Mr. Anil and I came back to the camp grounds. We were served snacks and tea as we waited for the cultural show. We didn’t have to wait for long. The show opened with live traditional music and men in bright hued turbans, some of them sported a moustache. With all the percussions, claps and clips, the songs had a rustic beat. I didn’t understand a single word and I asked Mr. Anil what the lyrics meant. 

Here and there I was told that it was a folk song originally from Pakistan or a ballad about romance. The music seemed generations old and sacred. Sometimes the songs were longing, other times sounding tragic, but more often than not, the music was haunting just like the quiet ancient desert landscape.

This memory of Eden haunts us all

Desert Rose, Sting

Soon women with bright, heavy costumes and accessories began their folk dance. They gracefully moved about with the raw beat of the drums, swayed their hips and moved their heads sideways expertly. Exhibitions were performed to wow the audience with a row of pottery sitting on top of one’s head while reaching for the ground inserting a bill with one’s mouth. It was a rare kind of live performance, strange and striking. The glow and slow crackling of fire in the still desert night added a mystical charm to it all.

The grand finale was one fiery art: fire-breathing dance performed by a talented Rajasthani folk while the drums beat and the chanting continued. In the dark, unlit, tranquil night in a quant village among the sand dunes, he catapulted the show when he blew fire and captivated his audience.

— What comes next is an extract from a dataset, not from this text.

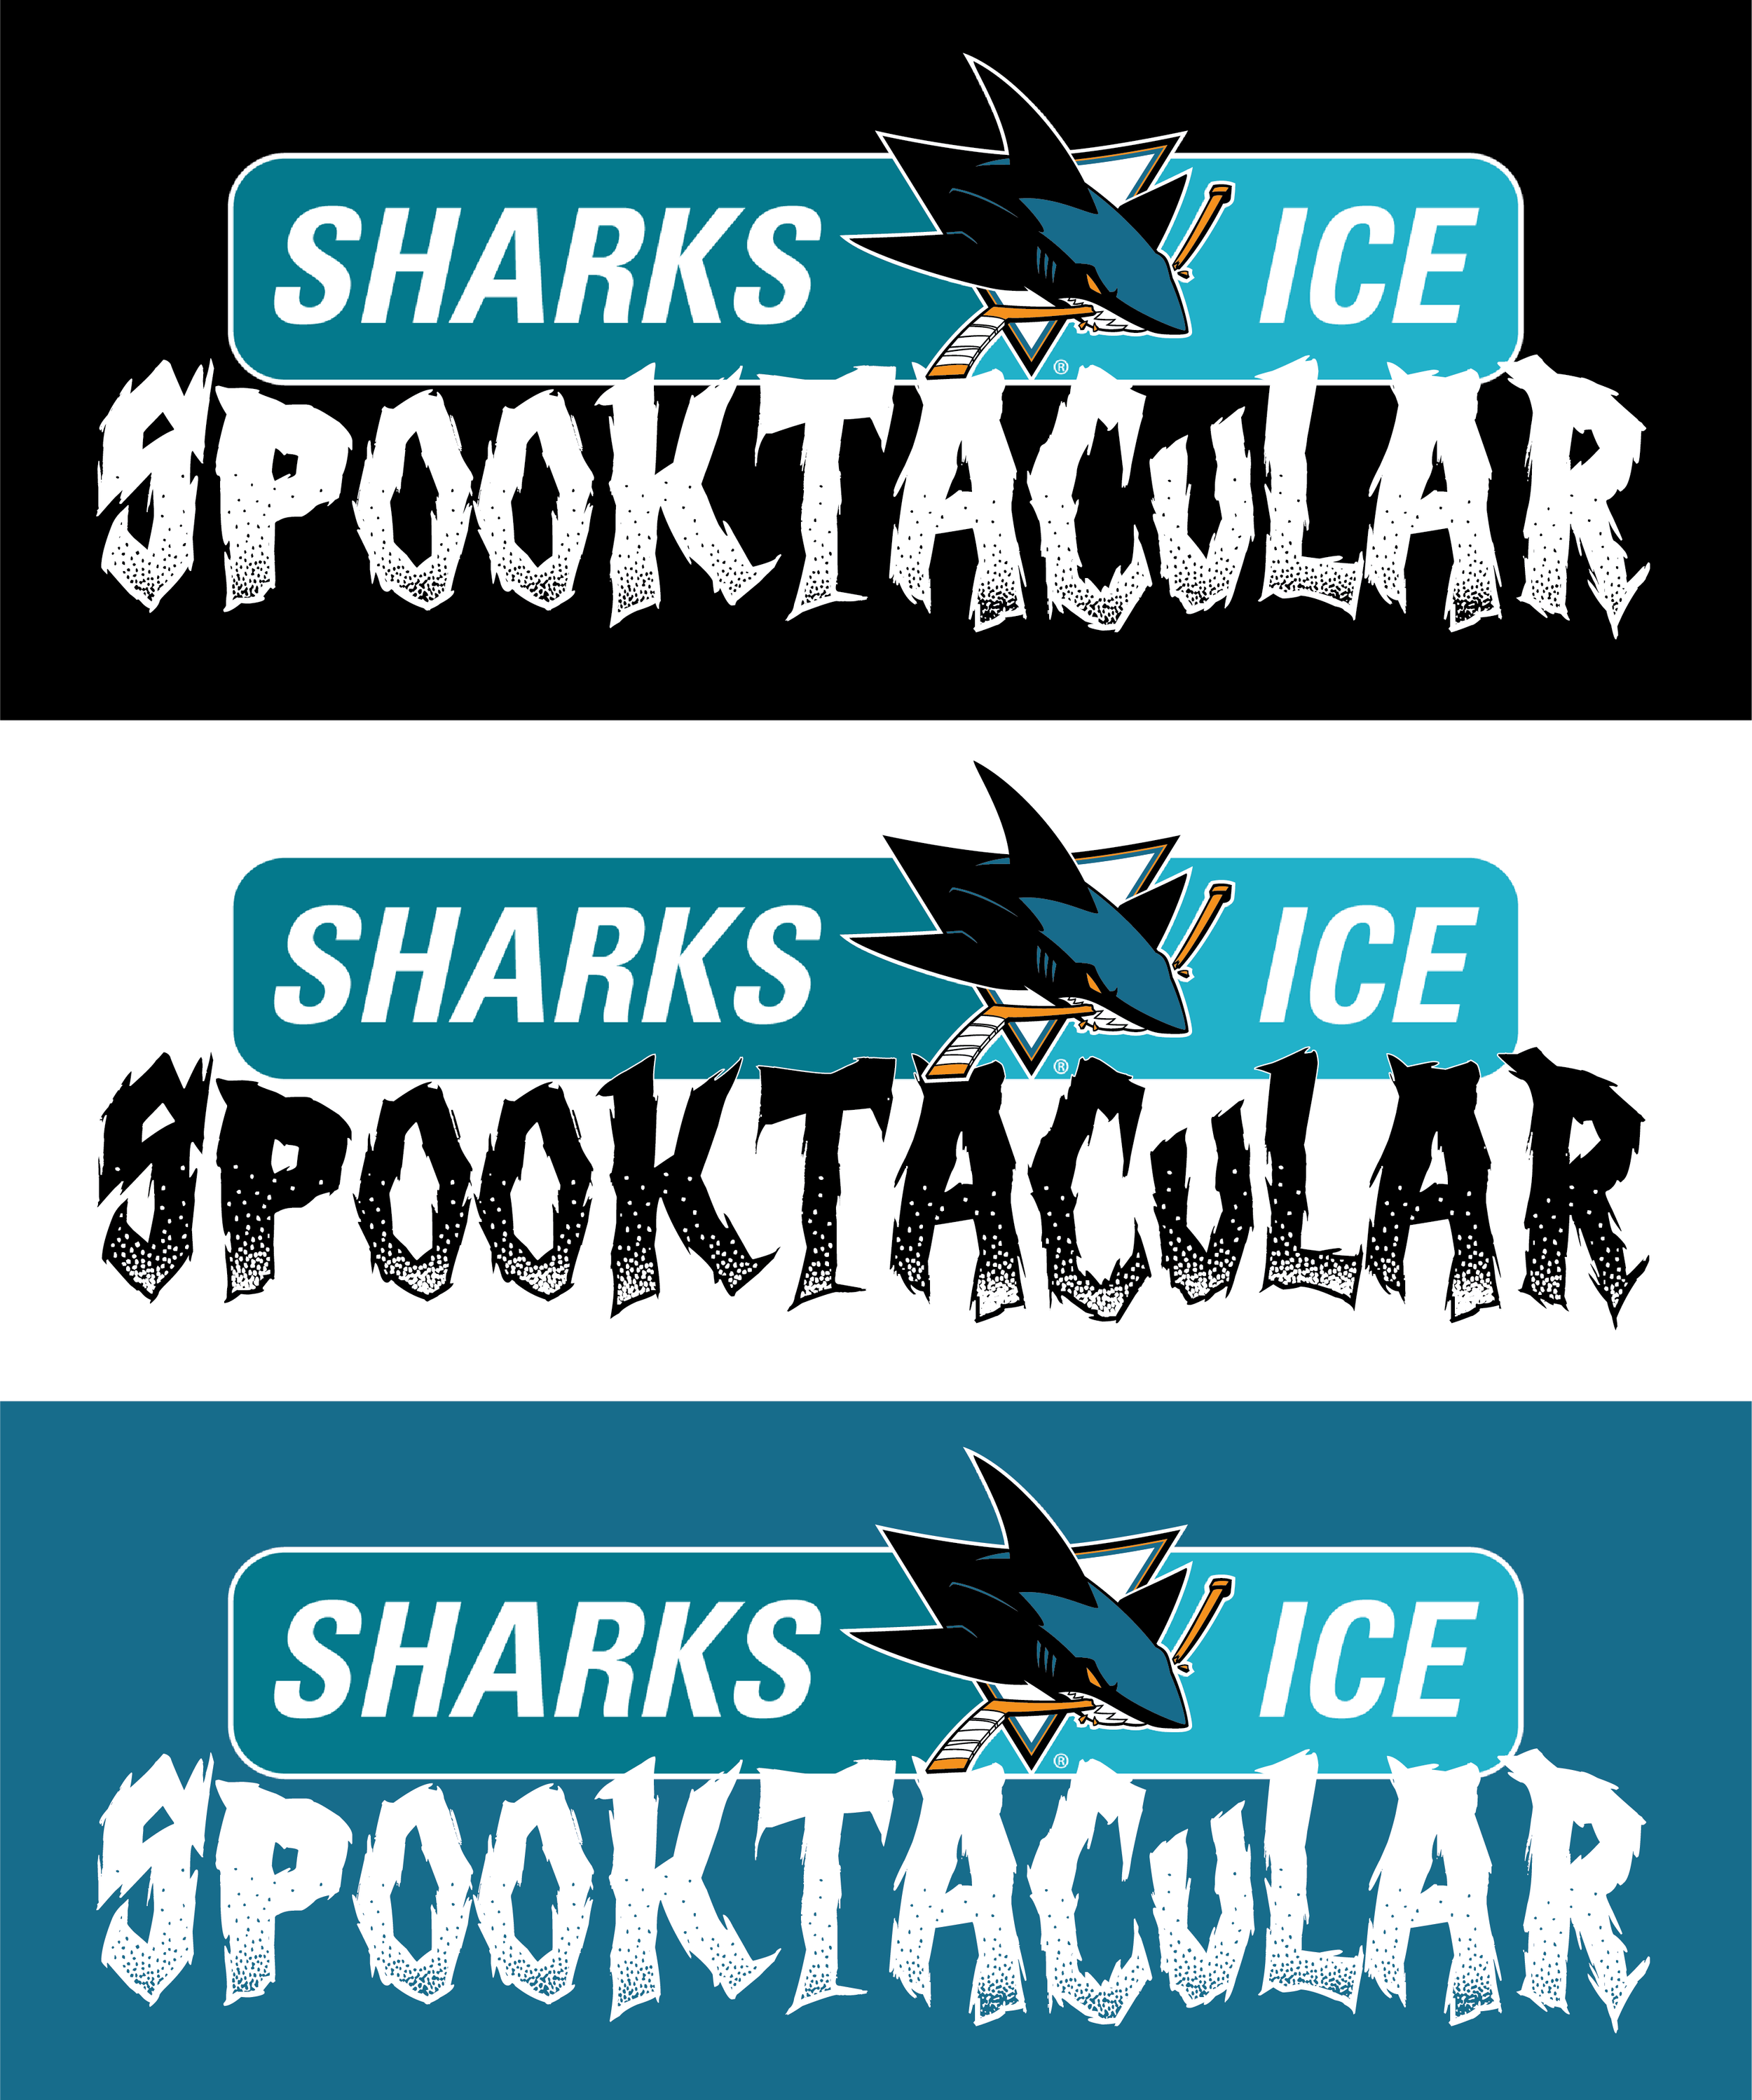 SharksIceSpooktacular_Logo.png

I Dream of Fire: Final Act of An Explosive Performance

This fire burns. I realize that nothing’s as it seems

Desert Rose, Sting

At the end of the performance, the very polite owner of the camp greeted me and walked Mr. Anil and myself back to the car and then even farther to see us through the road. I clearly remembered the comfortable, beautiful tents and mud houses he offered in his desert resort just before the camel safari and how I wished I had booked a night there. The way back to the town proper was a silent, watchful drive. I have dreams about it: the desert, the fire and the rustic haunting music.

I was metaphorically intoxicated, enchanted by the whole experience. I realize one of the dangers, or opportunities however you want to see it, of traveling by yourself is how everything gets magnified and how vulnerable and open you become to the experience that it’s a hundred times easier to get swept away. If I were younger and had nary a care about people and responsibilities back home, I could have easily chosen to stay a little bit longer, and a little bit more, and yet a little more, in the desert to purposely get lost in the heady exoticism of it.